- Mahrajganj Location in Uttar Pradesh, India Mahrajganj Mahrajganj (India) Mahrajganj Mahrajganj (Asia)
- Coordinates: 27°08′N 83°34′E﻿ / ﻿27.13°N 83.57°E
- Country: India
- State: Uttar Pradesh
- District: Maharajganj

Area
- • Total: 16 km^{2} (6.2 sq mi)

Population (2011)
- • Total: 33,930
- • Density: 2,100/km^{2} (5,500/sq mi)

Language
- • Official: Hindi
- • Additional official: Urdu
- • Regional language: Bhojpuri
- Time zone: UTC+5:30 (IST)
- Postal code: 273303
- Vehicle registration: UP-56
- Website: www.nppmrj.in

= Mahrajganj, Uttar Pradesh =

Town in Uttar Pradesh, India

Maharajganj is a town and municipal board in the Indian state of Uttar Pradesh. It serves as the headquarters of Maharajganj district.

==Demographics==
According to the 2011 Indian Census, Maharajganj had a population of 33,930, of which 17,656 were males and 16,274 were females.
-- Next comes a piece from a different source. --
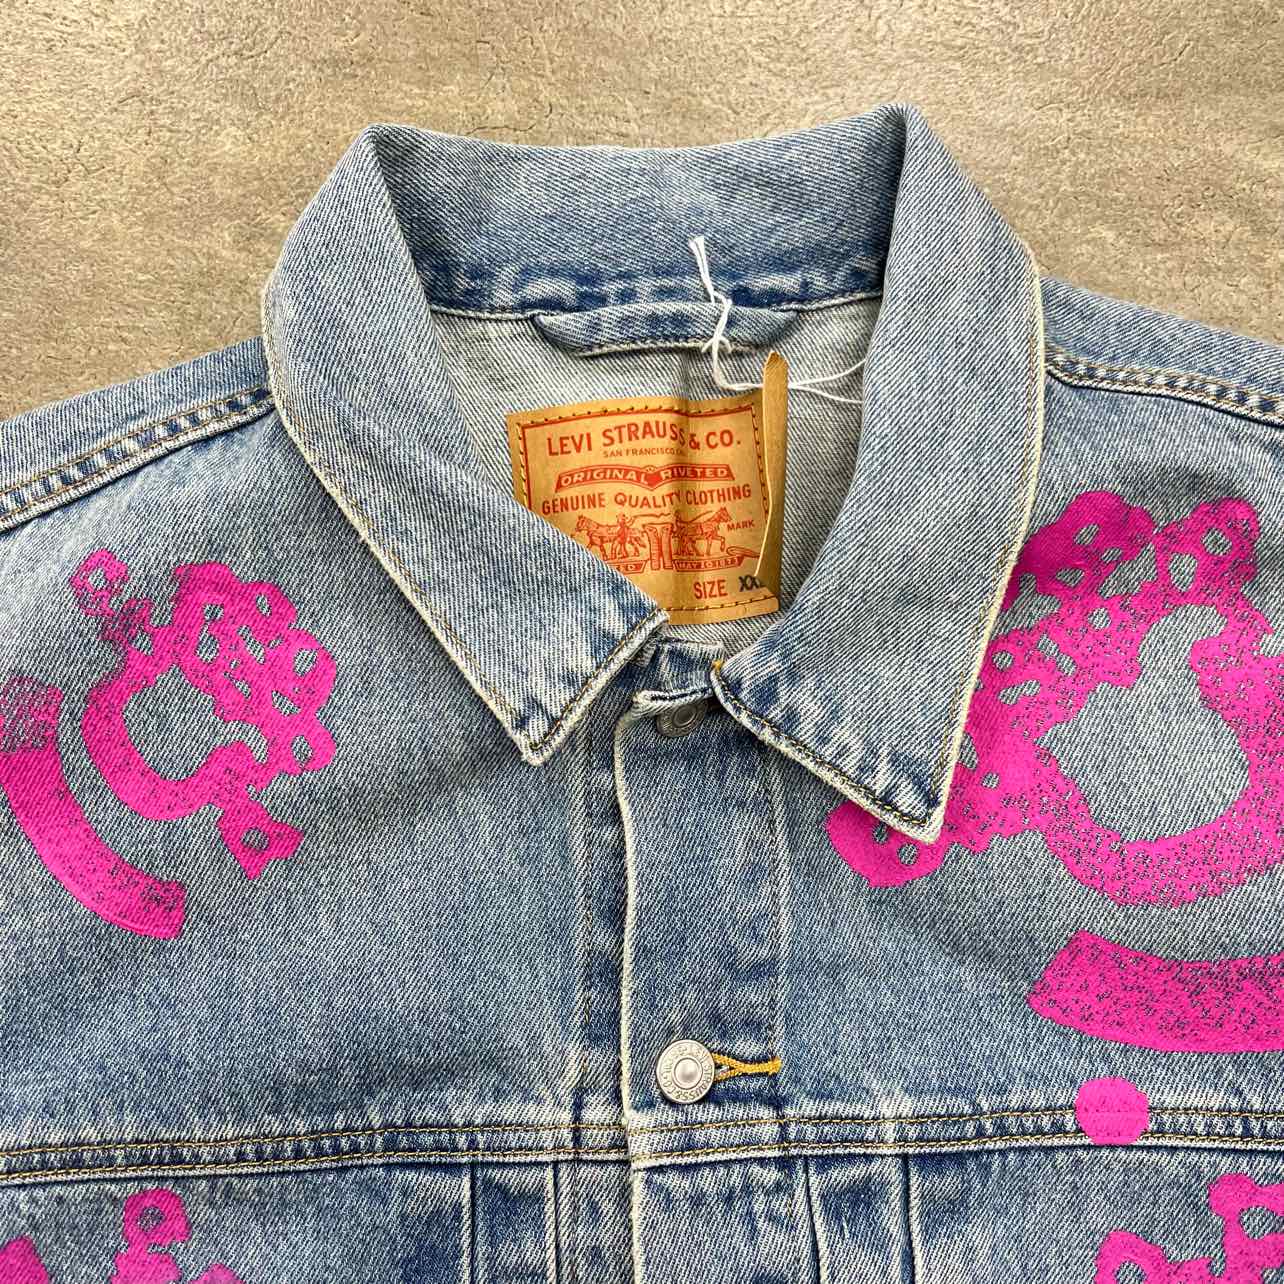 Denim Tears Jacket &quot;BSTROY TEARS&quot; Pink/Green Used Size 2XL

As of the 2001 Census of India, Mahrajganj had a population of 26,272. Males constitute 53% of the population and females 47%. Mahrajganj has an average literacy rate of 56%, lower than the national average of 59.5%: male literacy is 67%, and female literacy is 45%. In Mahrajganj, 18% of the population is under 6 years of age.

===Religion===
At 85.16%, majority of the population are adherents of Hinduism, while Islam is followed by 13.96%.

==Places of interest==
The Sohagi Barwa Wildlife Sanctuary is located in Maharajganj district of eastern Uttar Pradesh and is part of one of WWF-India’s priority tiger landscapes, the Terai Arc Landscape. The sanctuary is home to a diverse variety of flora and fauna including tigers. A part of the Sanctuary is contiguous with the Valmiki Tiger Reserve of Bihar.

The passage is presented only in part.